Kaylee's Dev Maple

Working on rust-gpu quad rendering

2023-03-29

At this platform there is a table with various kinds of markings on it as though somebody was practicing writing by executing various strokes over and over. To one side of the table is a stylus with a wooden grip, long iron bar that ends in a long triangular nib. Next to the tool is a large candle with a wooden wick.

It strikes you as interesting that the text on the various signs scattered around the Trio is all composed of burnt strokes into the wood rather than some sort of ink. Looking at the table here and strange tool, it becomes clear how this is done.

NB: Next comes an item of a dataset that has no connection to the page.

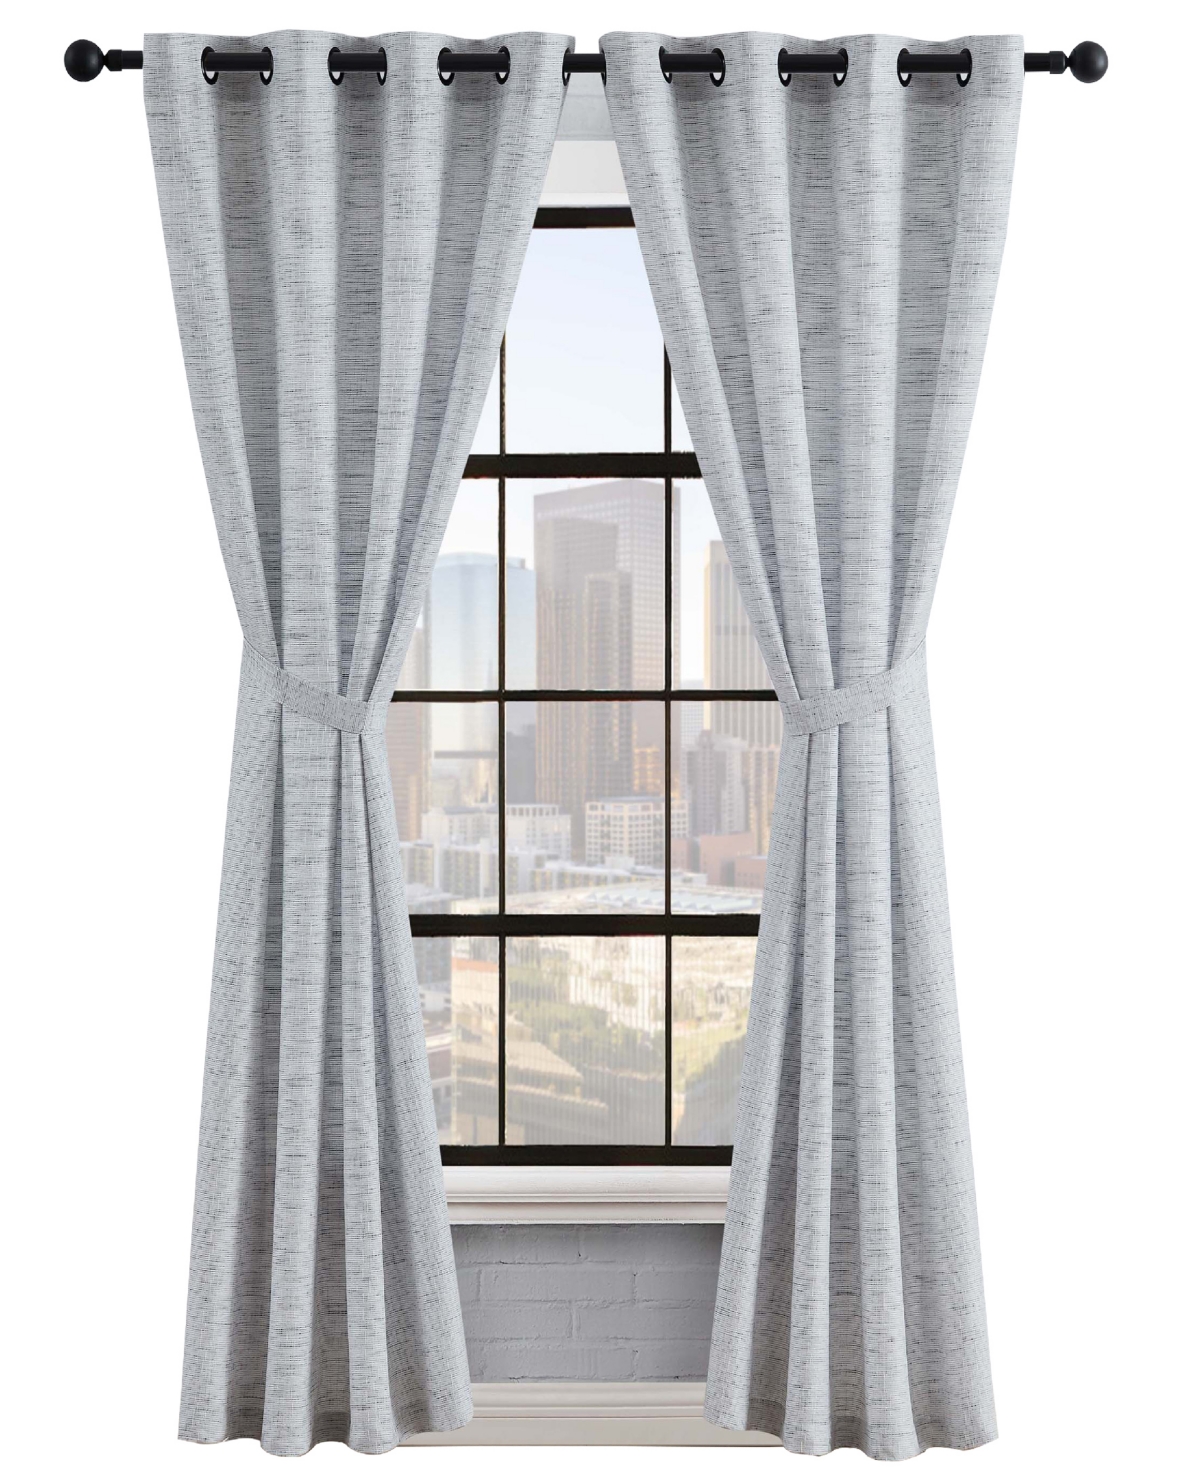 Lucky Brand Sierra Textured Light Filtering Grommet Window Curtain Panel Pair With Tiebacks, 52" X 96" In Denim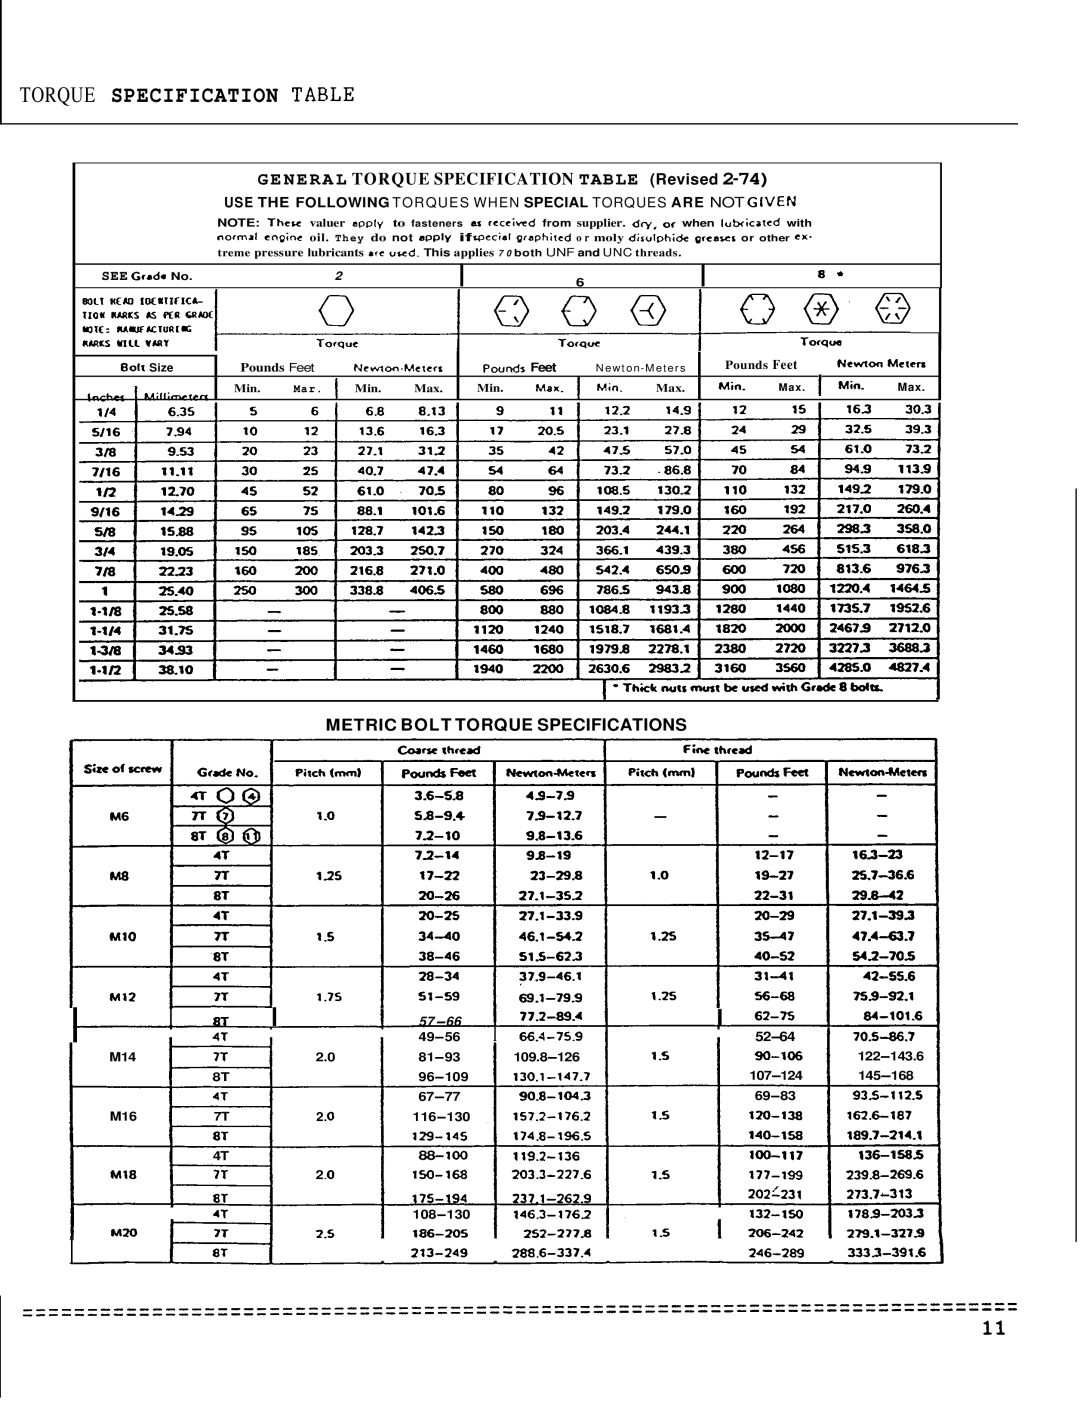 Honda Power Equipment QH4000 Torque Specification Table, GENERAL TORQUE SPECIFICATION TABLE Revised, Pounds Feet, 57-66

I missed another day, but I'm not taking this as a failure. Too often I let my distraction and inconsistency get in the way of the actual progress I do make. I sometimes feel that just because I couldn't do it perfectly, there is no point in doing it at all. Rather than pushing myself to achieve perfection, this frequently prevents me from the success I could have.

So with that in mind, yesterday and today I have been working on this rust-gpu based renderer for 2d graphics.

Rust-GPU Oddities

I've found rust-gpu to be a mixed bag though in the end probably worth it. The ability to write actual rust code that can compile both for the gpu and the cpu is revelatory. I truly believe this is the path to introducing people to gpu programming in a way that might actually stick rather than being opaque and confusing.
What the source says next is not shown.